This Challenge was completed in the context of the NLP module from Imperial College taught by Lucia Specia.
Adrian Löwenstein - Mihai Lung - Pierre-Louis Saint
The Implementation proposed during this project relies on the GloVe word embedding, strong data processing and different networks such as GRU, LTSM or CNN.
The following description was taken on Codalab : Link
Offensive language is pervasive in social media. Individuals frequently take advantage of the perceived anonymity of computer-mediated communication, using this to engage in behavior that many of them would not consider in real life. Online communities, social media platforms, and technology companies have been investing heavily in ways to cope with offensive language to prevent abusive behavior in social media.
One of the most effective strategies for tackling this problem is to use computational methods to identify offense, aggression, and hate speech in user-generated content (e.g. posts, comments, microblogs, etc.). This topic has attracted significant attention in recent years as evidenced in recent publications (Waseem et al. 2017; Davidson et al., 2017, Malmasi and Zampieri, 2018, Kumar et al. 2018) and workshops such as ALW and TRAC.

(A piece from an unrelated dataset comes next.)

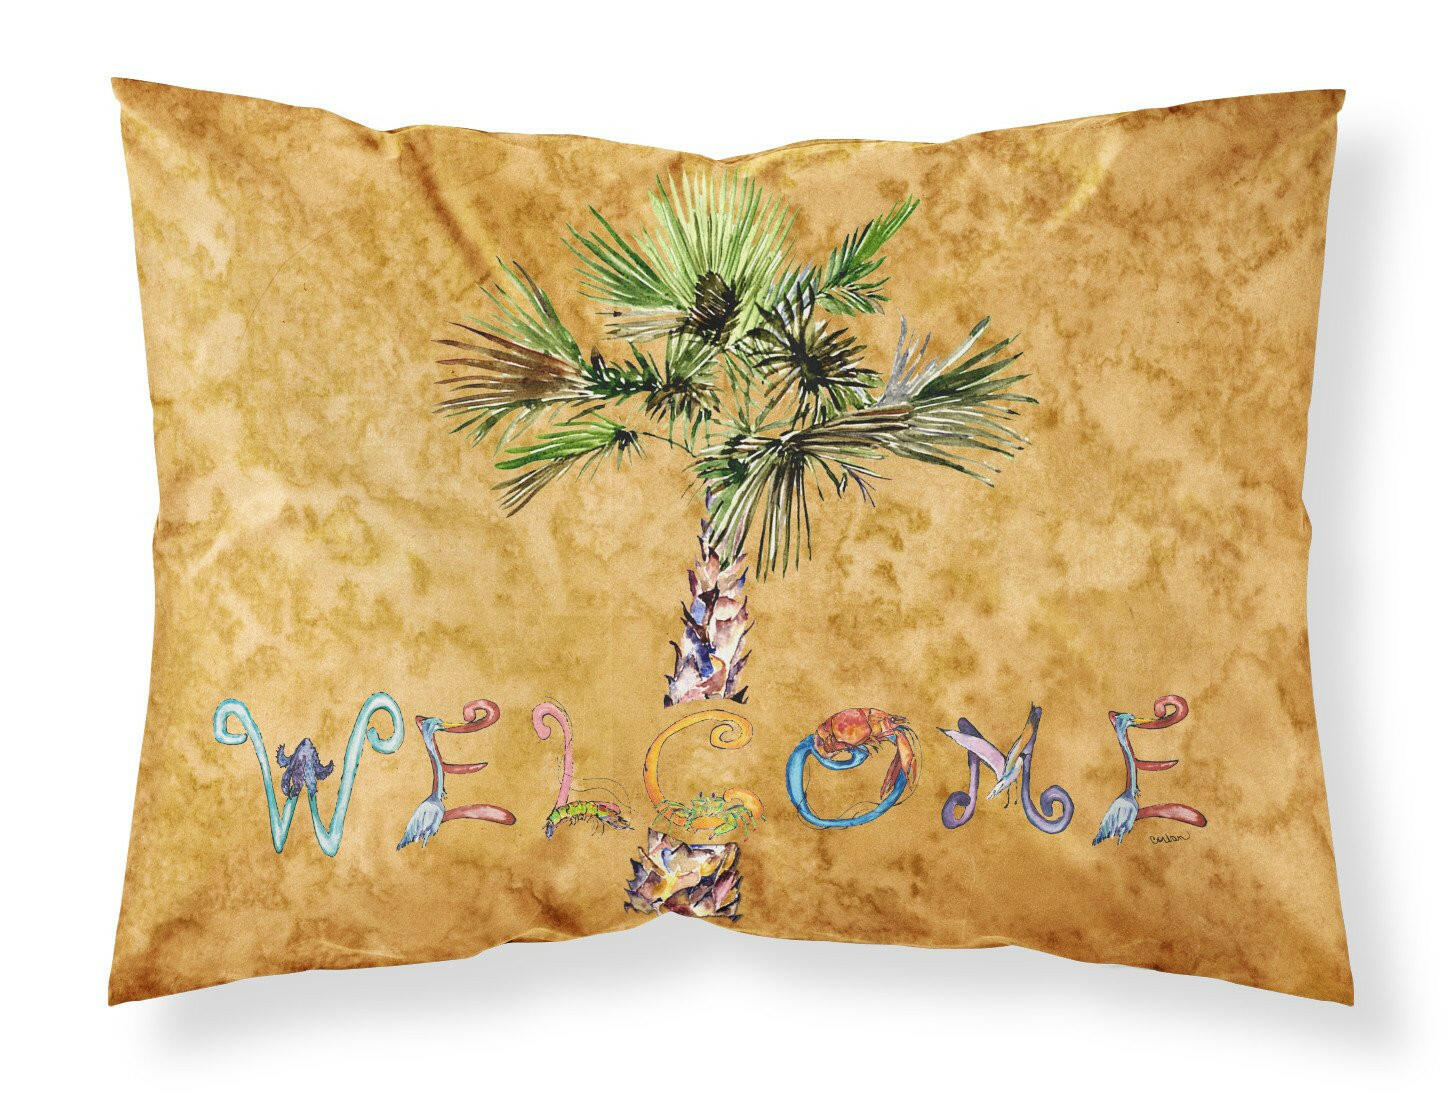 Welcome Palm Tree on Gold Fabric Standard Pillowcase 8709PILLOWCASE by Caroline's Treasures

In OffensEval we break down offensive content into three sub-tasks taking the type and target of offenses into account.
- Sub-task A - Offensive language identification
- Sub-task B - Automatic categorization of offense types
- Sub-task C - Offense target identification.
The data is retrieved from social media and distributed in tab separated format. The trial and traininga data are available in the "Participate" tab. Please register to the competition to download the files.
Participants are allowed to use external resources and other datasets for this task. Please indicate which resources were used when submitting your results.
This repository contains the final submission of the project.
- The report explaining the main steps and architectures of the network used
- The Jupyter Notebook containing all the code for implementing and training the classifiers.
- Sub-task A - Rank : 62nd - F1 Score : 0.748752209
- Sub-task B - Rank : 5th - F1 Score : 0.715679443
- Sub-task C - Rank : 11th - F1 Score : 0.580794253
- Sub-task A - Rank : 21st - F1 Score : 0.748752209
- Sub-task B - Rank : 1st - F1 Score : 0.715679443
- Sub-task C - Rank : 1st - F1 Score : 0.580794253
The classifier that performed the best accross the different tasks was the Convolutional Neural Network (CNN)